By Lee Hedgepeth
Alabama Political Reporter
The fight over what have become known as the Common Core educational standards has made its way into State House this legislative session, and it has now broken down to lawmakers debating which books are and are not appropriate as examples of what to use in Alabama schools.
In addition, some legislators are apparently learning new things from the curriculum already.
Those on the far right, self-identified Tea Party members, such as Wetumpka Tea Party Founder Becky Gerritson, and Tea Party favorites in the legislature, such as Senator Scott Beason, have begun public criticism of specific works of literature and their contents under the new Alabama educational standards.

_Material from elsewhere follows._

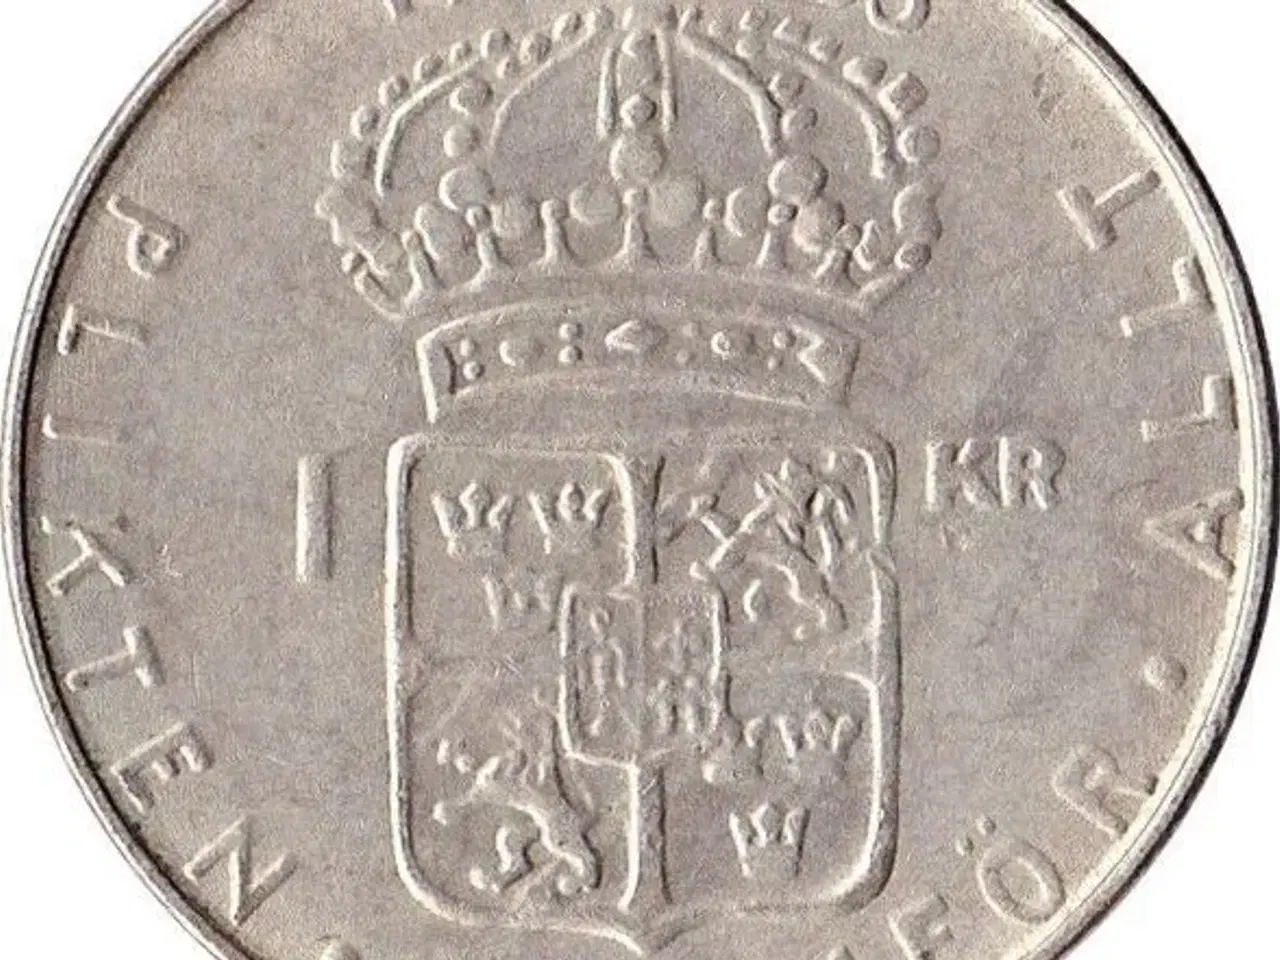 Billede 5 - Svenske 1 krona mønter fra 1952-1973
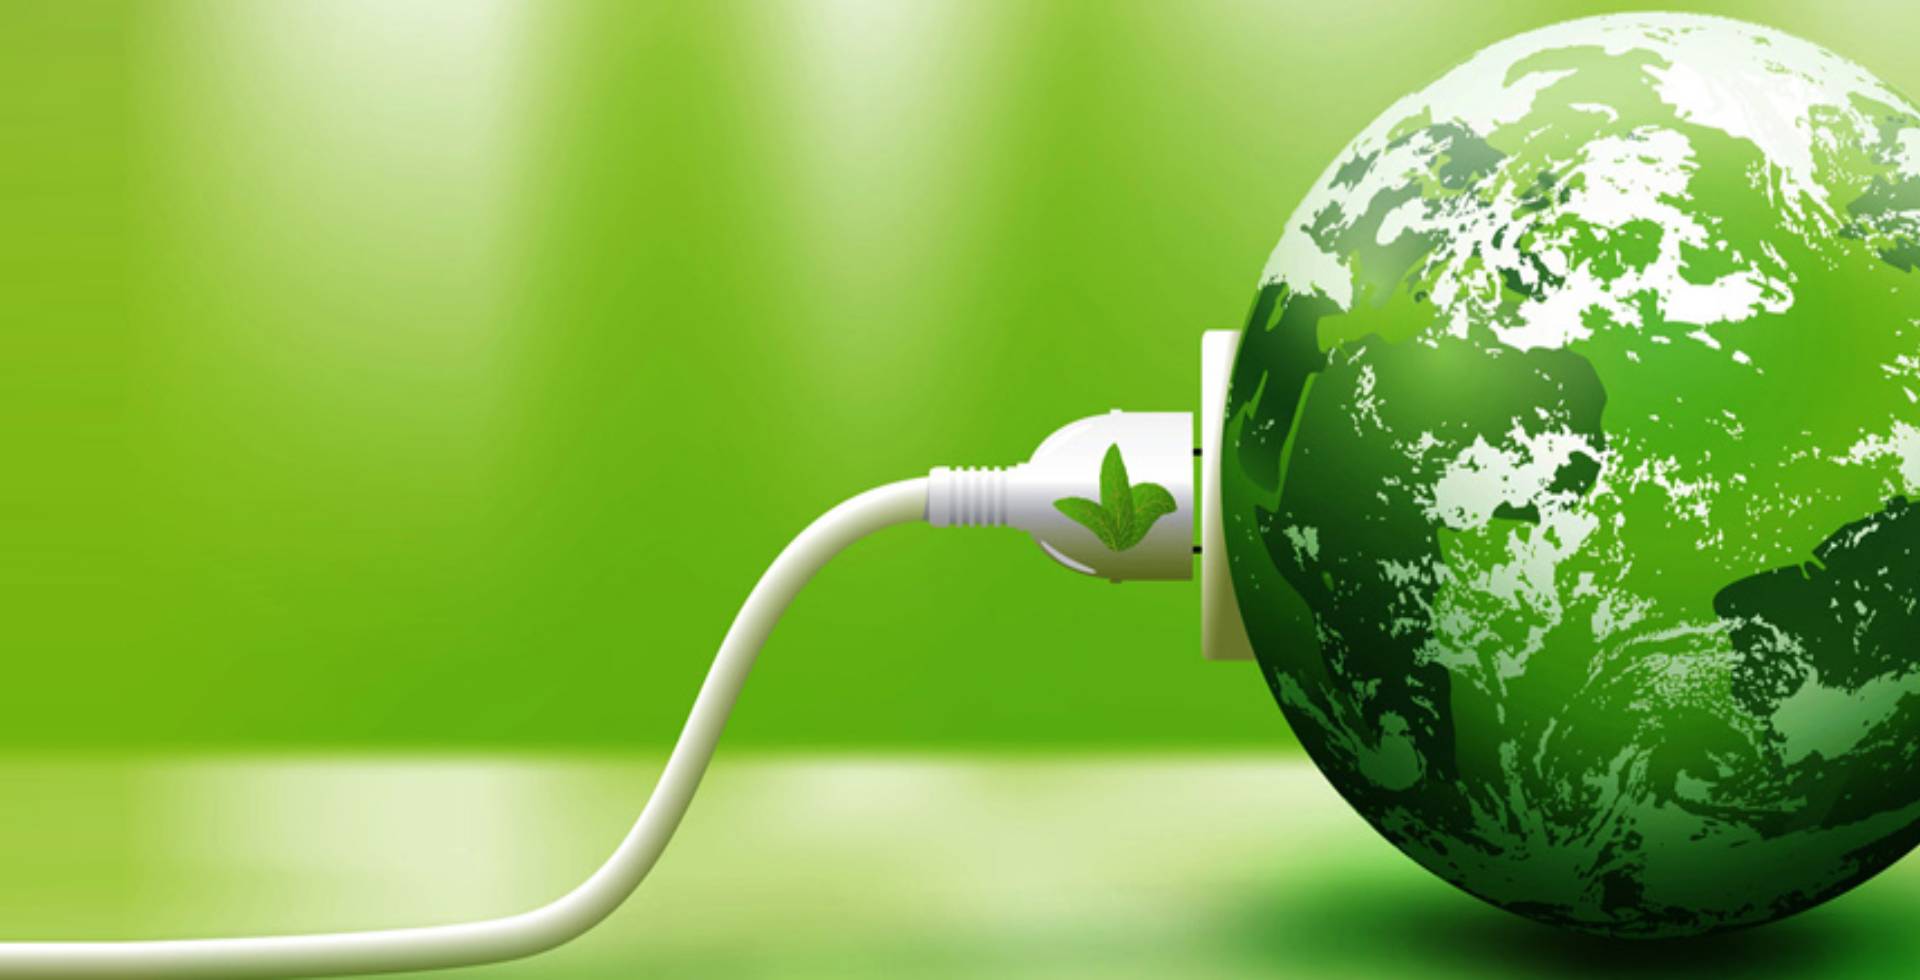 Planeta Tierra de color verde conectado a un enchufe con una hoja verde en el cabezal

The educational guidelines, also known as the College and Career Ready Standards, were adopted by the Alabama State Board of Education several years ago, and have been implemented since. The standards, which cover only mathematics and English, have drawn fierce opposition since they gained public attention. Senator Beason, R-Gardendale, for example, labeled them as “untested” standards that amount to a”top-down, federal experiment” on Alabama’s public school children.
Statewide school officials completely disagree with that characterization of the Common Core.
“There’s no indoctrination. There is no conspiracy,” State Superintendent Dr. Tommy Bice has said.
“We are teaching math. We are teaching kids to read and write. It just doesn’t make any sense for something that is simply a political issue. It has nothing to do with academics.”
Beason has introduced legislation that would allow local school boards to opt out, revise, or adopt the standards at their discretion.
Though it has more than a dozen cosponsors in the Senate, it is unlikely that the bill will pass given significant opposition from some legislators both Democrat and Republican.
Representatives of the Alabama Association of Schools Boards has said his legislation, an earlier version of which was a complete repeal bill, would be a “giant leap in the wrong direction.”
Bill Canary of the Business Council of Alabama said the bill would be “a significant usurpation of power by the Legislature,” reiterating that education policy is a local – not state – issue.
“This is a political application at the expense of students and our future workforce. As we have said before, continued attempts by the Legislature to assume control of this issue, relegated by law to the State Board of Education, is the very definition of government overreach.”
Senator Beason and Wetumpka Tea Party Founder Becky Gerritson have both mentioned multiple works of literature found in an appendix to the Common Core standard guidelines as examples of acceptable educational materials that they find inappropriate for the age groups for which they are proscribed.
Gerritson gained statewide attention when she quoted passages from Toni Morrison’s novel The Bluest Eye, a novel which boldly confronts the subjects of incestuous rape and race relations. After reading a particularly anatomically-charged sentence, Gerritson reached the f-word, at which point Democratic Senate Minority Leader Vivian Figures asked that she stop, with Senator Dick Brewbaker, the chair of the committee and fellow Common Core opponent even acknowledging she had crossed the line.
It should be noted that Toni Morrison has been the recipient of a Pulitzer Prize for her work in fiction. She taught at Princeton University until her retirement a few years ago, and she was the last American recipient of the Nobel Prize in Literature.
Among other works objected to include Hiroshima by John Hersey, which depicts the bombing of Japan during WWII, with Beason saying that its Japanese point of view leads to a “lack of balance that undermines American values.”
Another, and perhaps the most intriguing “inappropriate” work being cited is Arthur Miller’s award winning play The Crucible, an obvious metaphor for the McCarthyism of the Red Scare as shown through the Salem Witch Trials.
Senator Beason says he opposes inclusion of The Crucible because “McCarthy was right.”
When asked about his position on the former Senator and the legitimacy of his Red Scare claims, and on his colleague’s condemnation, Alabama Senator Bryan Taylor said on Twitter, “I guess I’ll have to get the book, study up on him, and see if its credible.” (This was in reference to a recently published new book on McCarthy.)
So although all of the Yellowhammer state’s lawmakers may not yet accept the message behind The Crucible, or its metaphors about 20th century history, or even the Common Core standards as a whole, at least the standards are making those state legislators who don’t know about such important events in American history “get the book” and “study up.”
To be clear, Senator Joseph McCarthy was a Republican member of the US Congress from 1947 until 1957, and became famous for his passionate “witch hunt” of supposed Communist spies in the United States government, particularly in the Department of the Army. He infamously changed the number of Communists he claimed were in the government frequently, using 205 at rally speeches, but using 59 in the Congressional record.
In 1954, the United States Senate, in a special session called for the purposed, officially condemned McCarthy for his actions, with all Democrats and half of Republicans voting for the measure. He died of acute hepatitis and alcohol-related illnesses in 1957.
“There is no academic freedom where a Communist is concerned,” McCarthy once said. “He has no freedom of thought nor freedom of expression.”